Should have been "use it as your password"

nickweb an hour ago | parent | prev | next [-]

That's cool. Yours comes up as stars (*). Must be a HN thing.

hnthrow10282910 3 hours ago | parent | prev [-]

Hacked

glitchc 3 hours ago | parent | prev [-]

Not enough numbers or special characters usually.

lukan 2 hours ago | parent | next [-]

Use one specific special character/number as word separator.

chopin 3 hours ago | parent | prev [-]

I loathe two things in password requirements: special characters and not allowing spaces. C'mon, it's 2026. Require 20 characters and call it a day.

Xeoncross 2 hours ago | parent [-]

"password is to long, max length..."

(╯°□°)╯︵ ┻━┻

Volundr 2 hours ago | parent [-]

I couldn't decide which sentence of Alice in Wonderland was my favorite, so I just used the full text.

3 hours ago | parent | prev | next [-]
[deleted]
samrus 3 hours ago | parent | prev | next [-]

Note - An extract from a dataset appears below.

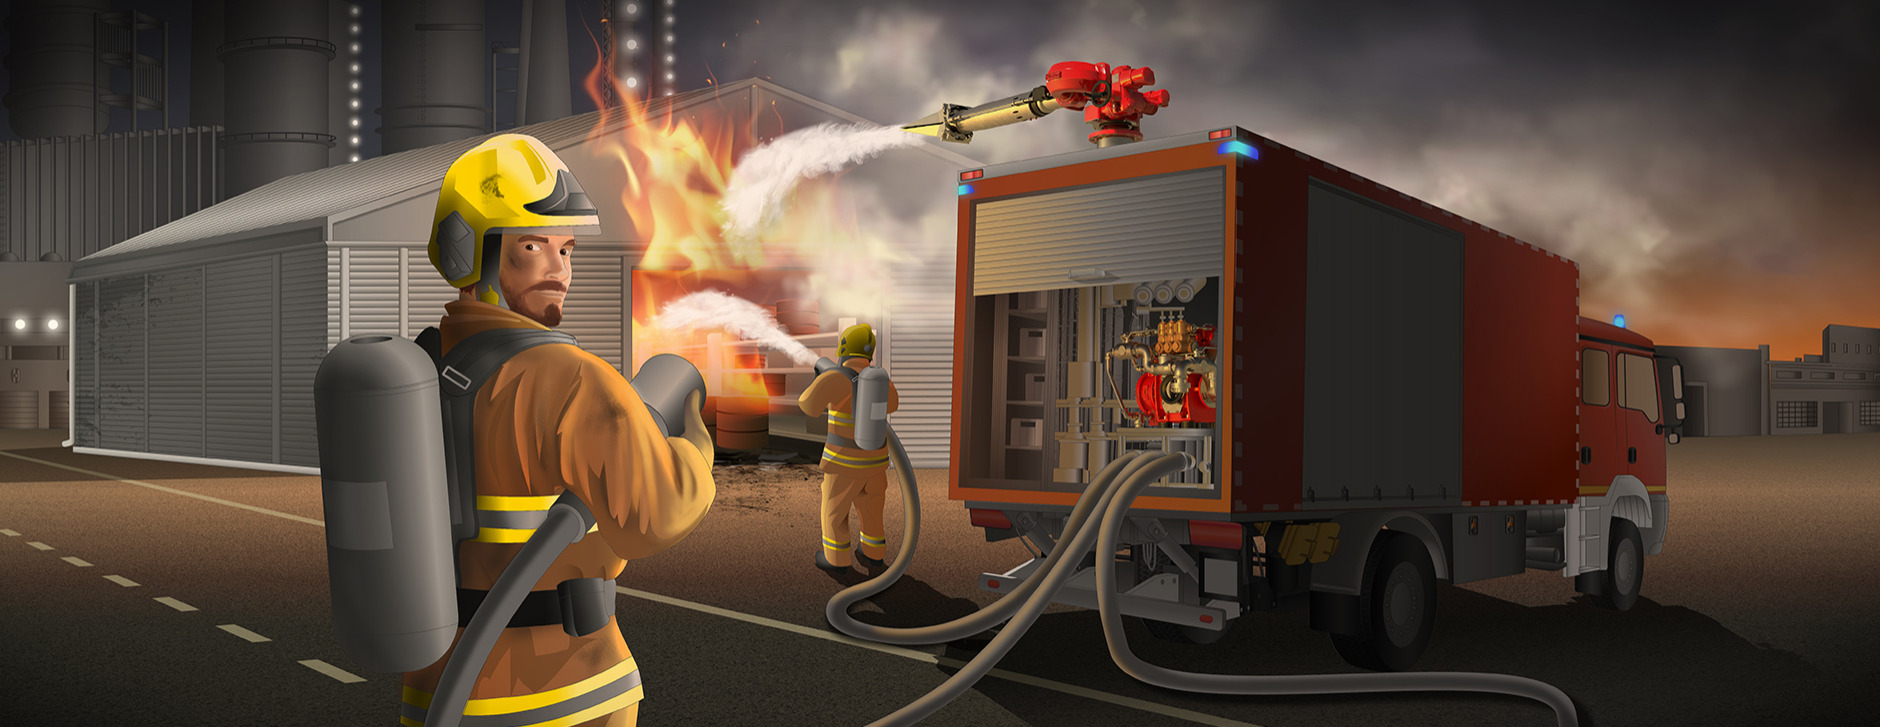 Zumischsysteme für Feuerwehrfahrzeuge

I swear if the ghouls running things had abit more decency and allowed people to actually access and controll their passkeys then that would be the future, everyone would adopt it. The experience is so nice with key pair exchange for ssh. Its just that there i have thr security of knowing exactly where my secret is and how i can manage it, its just a file and i can move it like a file

Nobody wants the risk of getting locked out because of apple and googles walled garden bullshit

James_K 2 hours ago | parent | prev [-]

Letting users pick their own passwords has always been a mistake. If passwords are needed, the system should choose them.

NopIdoN 2 hours ago | parent | next [-]

just directly give them a post-it for their monitor

kg 2 hours ago | parent | prev [-]

As a person with memory issues, this is a recipe for me writing a password down where somebody else can probably find it.

ryandrake an hour ago | parent | next [-]

If your machine or service is connected to the Internet, 631U)VN0Onl? written on a post-it note is generally going to be better than hunter2 not written down.

fouc an hour ago | parent | prev [-]

but post-its are vulnerable to the wrench attack!